Development of rapid immunochromatographic test for hemagglutinin antigen of H7 subtype in patients infected with novel avian influenza A (H7N9) virus.

BACKGROUND: Since human infection with the novel H7N9 avian influenza virus was identified in China in March 2013, the relatively high mortality rate and possibility of human-to-human transmission have highlighted the urgent need for sensitive and specific assays for diagnosis of H7N9 infection. METHODOLOGY/PRINCIPAL
FINDINGS: We developed a rapid diagnostic test for the novel avian influenza A (H7N9) virus using anti-hemagglutinin (HA) monoclonal antibodies specifically targeting H7 in an immunochromatographic assay system. The assay limit of detection was 103.5 pfu/ml or 103TCID50 of H7N9 virus. The assay specifically detected H7N9 viral isolates and recombinant HA proteins of H7 subtypes including H7N7 and H7N9, but did not react with non-H7 subtypes including H1N1, H3N2, H5N1, H5N9, and H9N2. The detection sensitivity was 59.4% (19/32) for H7N9 patients confirmed by RT-PCR. Moreover, the highest sensitivity of 61.5% (16/26) was obtained when testing H7N9 positive sputum samples while 35.7% (5/14) of nasopharyngeal swabs and 20% (2/10) of fecal samples tested positive. No false positive detection was found when testing 180 H7N9 negative samples.
CONCLUSIONS/SIGNIFICANCE: Our novel rapid assay can specifically detect H7 HA antigen, facilitating rapid diagnosis for prevention and control of the on-going H7N9 epidemic.

Introduction

The novel H7N9 avian influenza virus was first isolated from three patients with severe lower respiratory tract disease of unknown cause in China in March 2013 [1]. As of November 6th, 2013, a total of 139 cases of H7N9 infection had been laboratory-confirmed, causing 45 deaths in mainland China and 1 in Taiwan [2], [3]. As of January 28 of 2014, more than 100 new H7N9 cases have been reported. H7N9 was initially detected in the Yangtze River Delta, and area encompassing Shanghai, Zhejiang, Anhui and Jiangsu provinces, but has since spread to more than 12 provinces and cities including Beijing, Hebei, Shandong, Henan, Jiangxi, Hunan, Fujian, Guangdong and Taiwan, indicating a continuing epidemic of H7N9 infection in humans. Severe lower respiratory tract infection was predominant in human H7N9 infection, and a relatively high mortality of about 32.4% (45/139) was observed as of November6th, 2013 [1], [2], [4], [5].
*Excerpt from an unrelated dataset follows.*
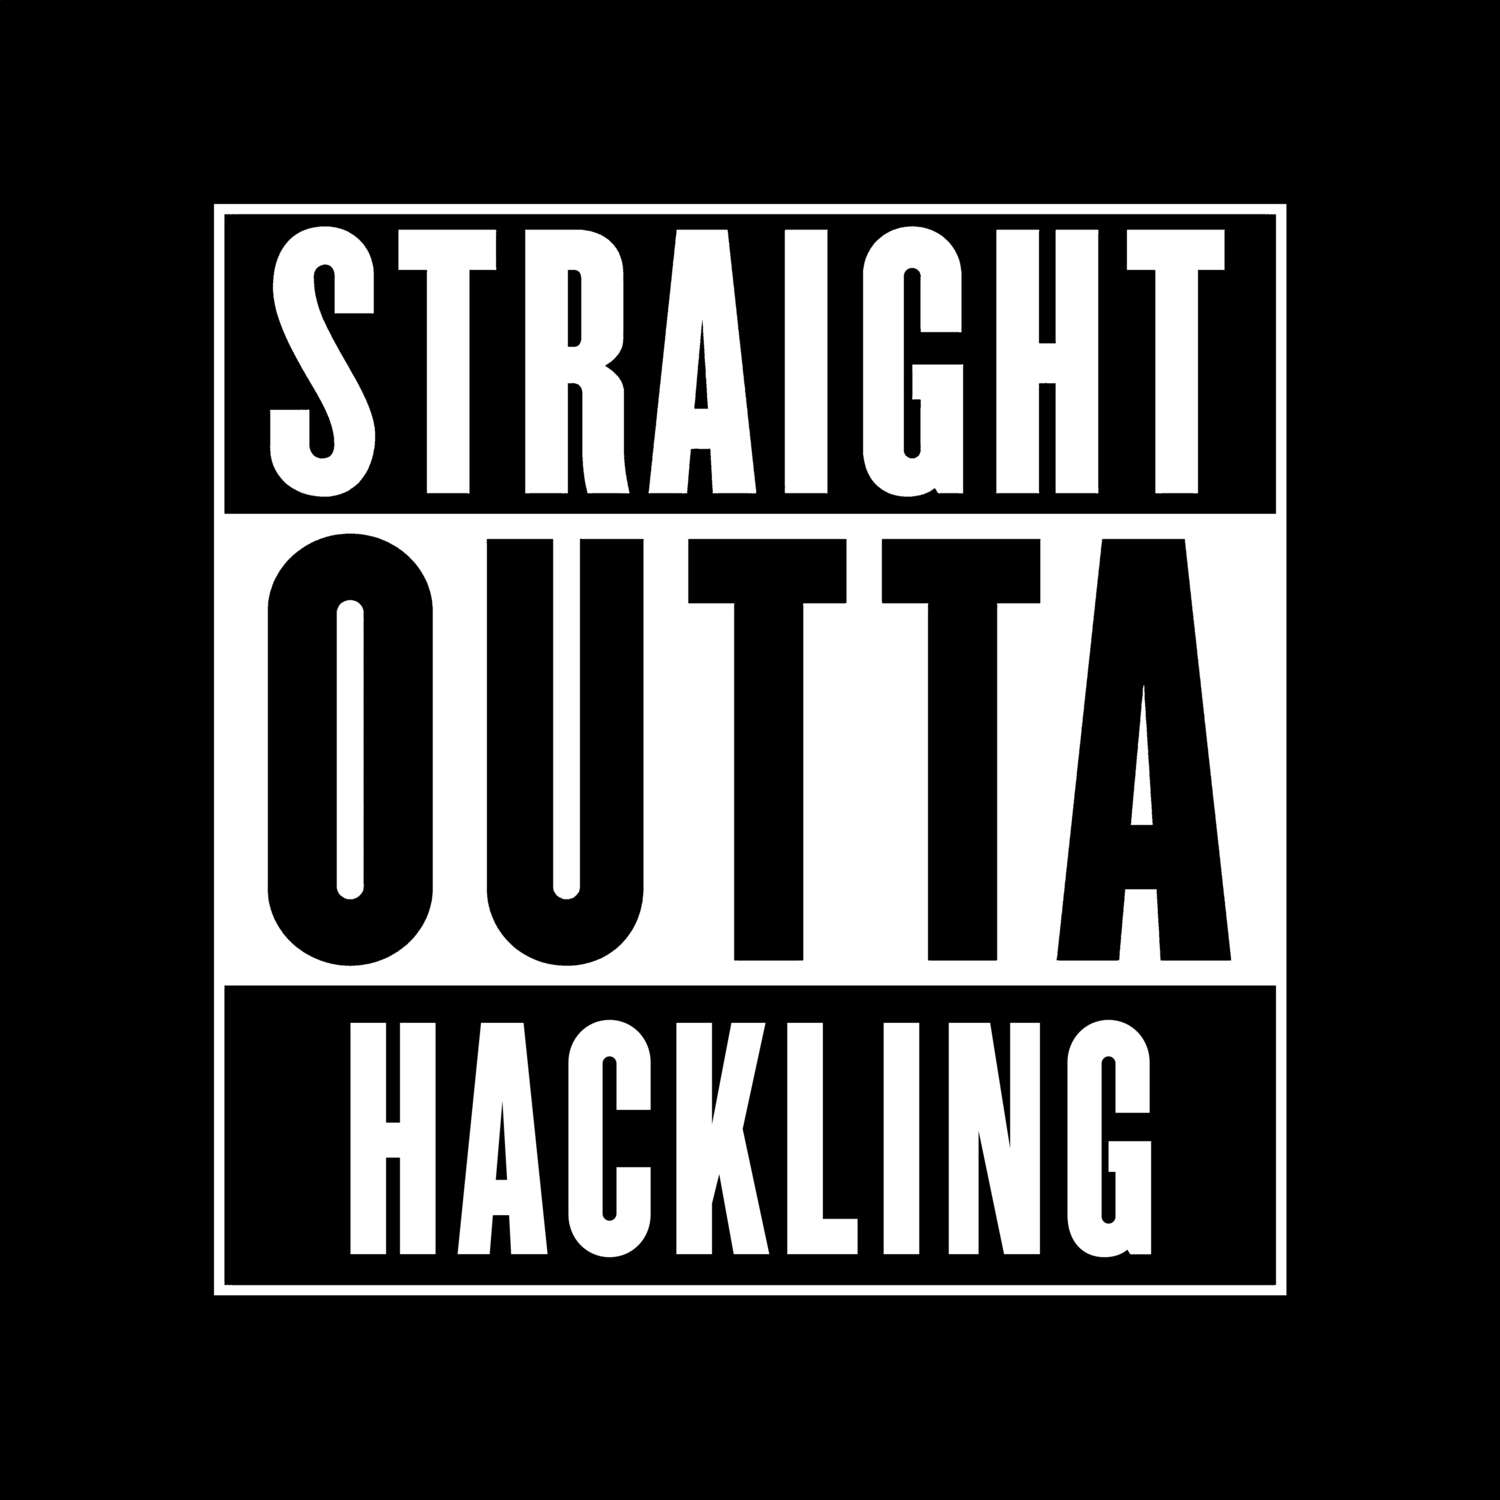 Hackling T-Shirt »Straight Outta«

Human infection with subtype H7 avian influenza A viruses had rarely been described and never reported in China before 2013. These infections may have been overlooked due to mild symptoms or asymptomatic infection in humans and low pathogenicity in poultry [6]–[9]. Before the 2013 outbreak of H7N9, a highly pathogenic avian influenza A(H7N7) infection was reported to result in one fatality in the Netherlands in 2003 [10], [11].
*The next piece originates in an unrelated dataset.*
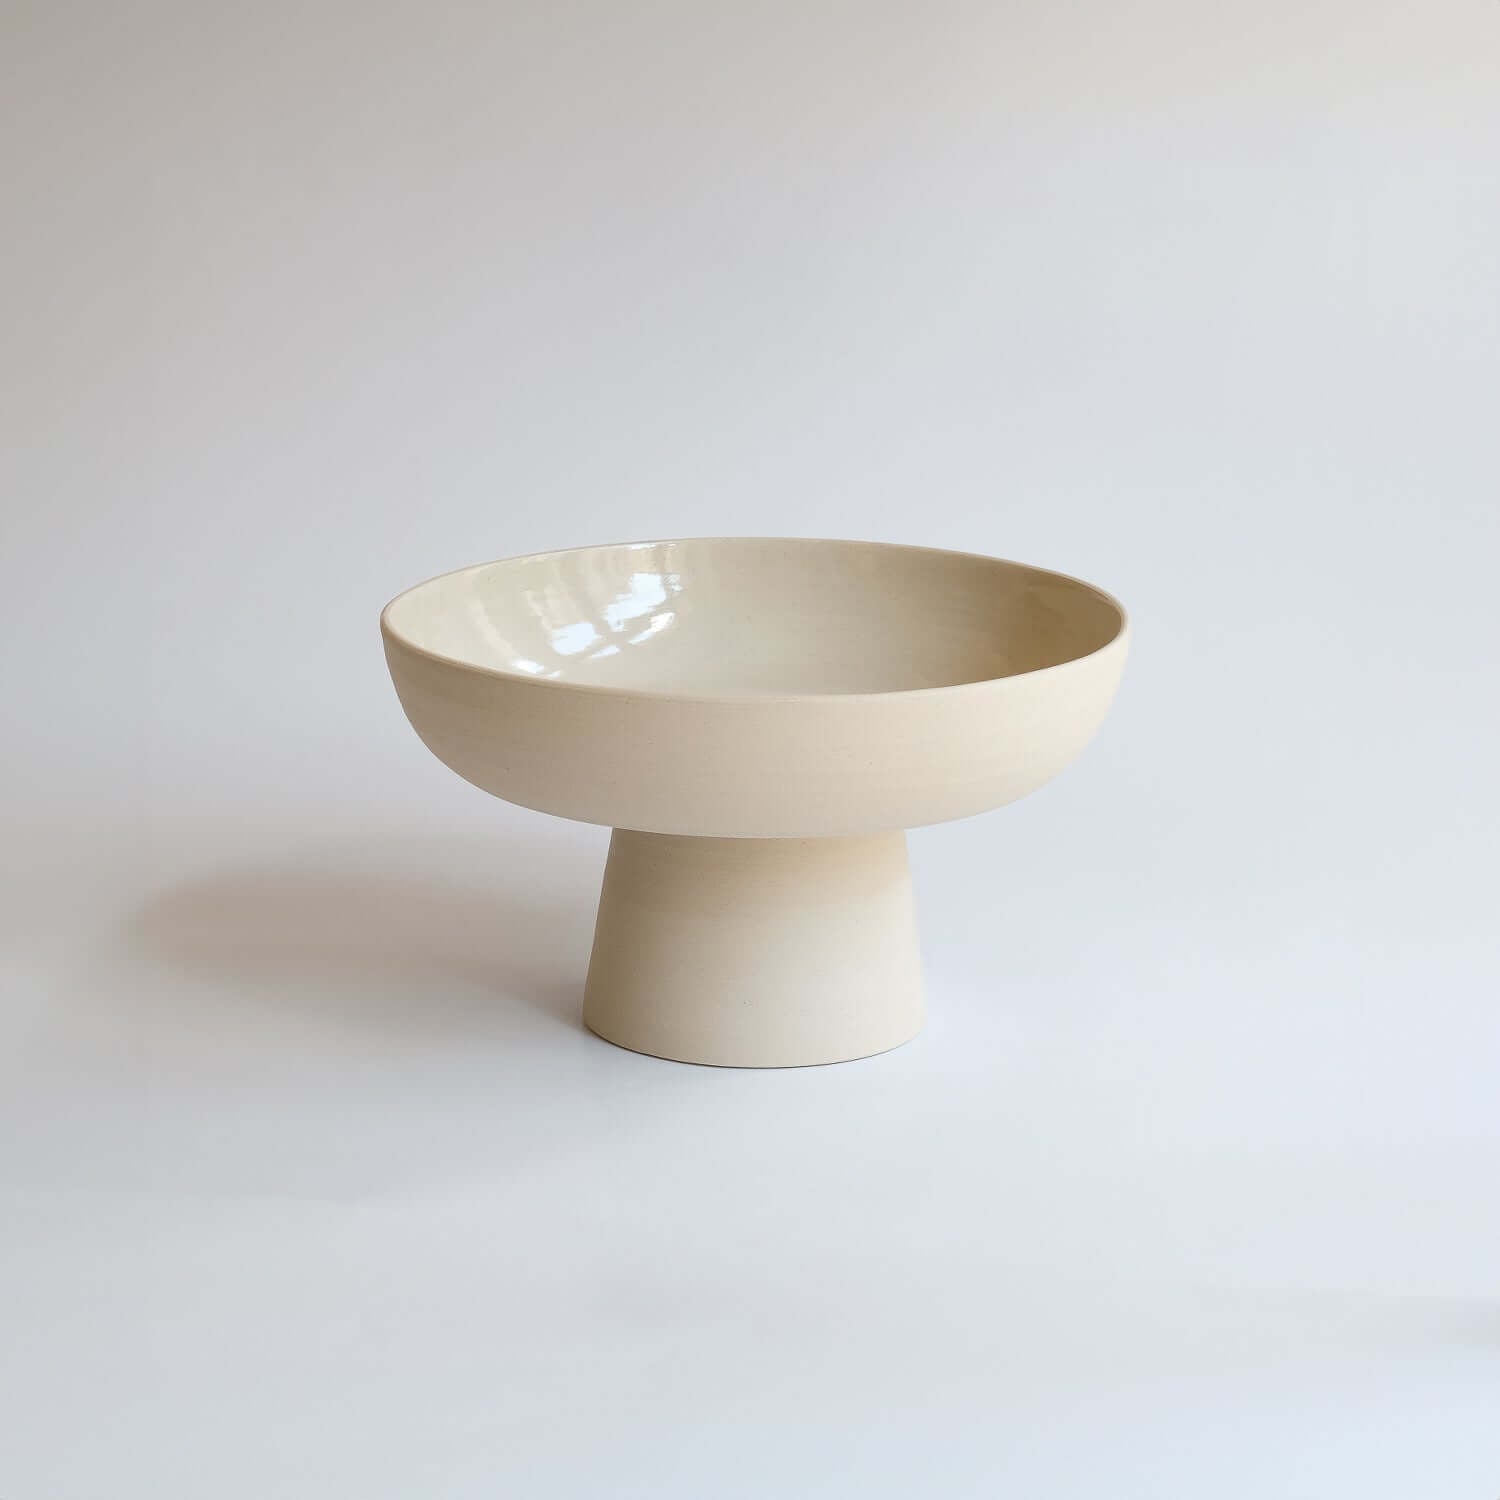 Unique Aleah Bowl, perfect as a decorative fruit bowl or vase for kenzan. Handcrafted, raw stoneware with glossy glaze, 15x20 cm. from viola beuscher ceramics

The novel H7N9 virus is a reassortant of triple avian influenza viruses and has genetic markers that can bind strongly to human-like receptors, and are known to be associated with improved replication of avian influenza viruses in mammals [1], [4], [6]. Therefore, the possibility of human-to-human transmission cannot be ruled out [12]. Although no sustained human-to-human transmission of H7N9 virus has been confirmed [1]–[4], one case of transmission between a father and daughter has been identified in Eastern China by genetic comparison of viral isolates [12].

The hemagglutinin gene sequence suggests that the novel H7N9 virus may be a low pathogenic avian influenza virus, and has been found in poultry including pigeons and chickens [4]. However, the extent of distribution of asymptomatic infection of H7N9 virus in human and domestic poultry is unclear partly due to the lack of well-evaluated testing kits.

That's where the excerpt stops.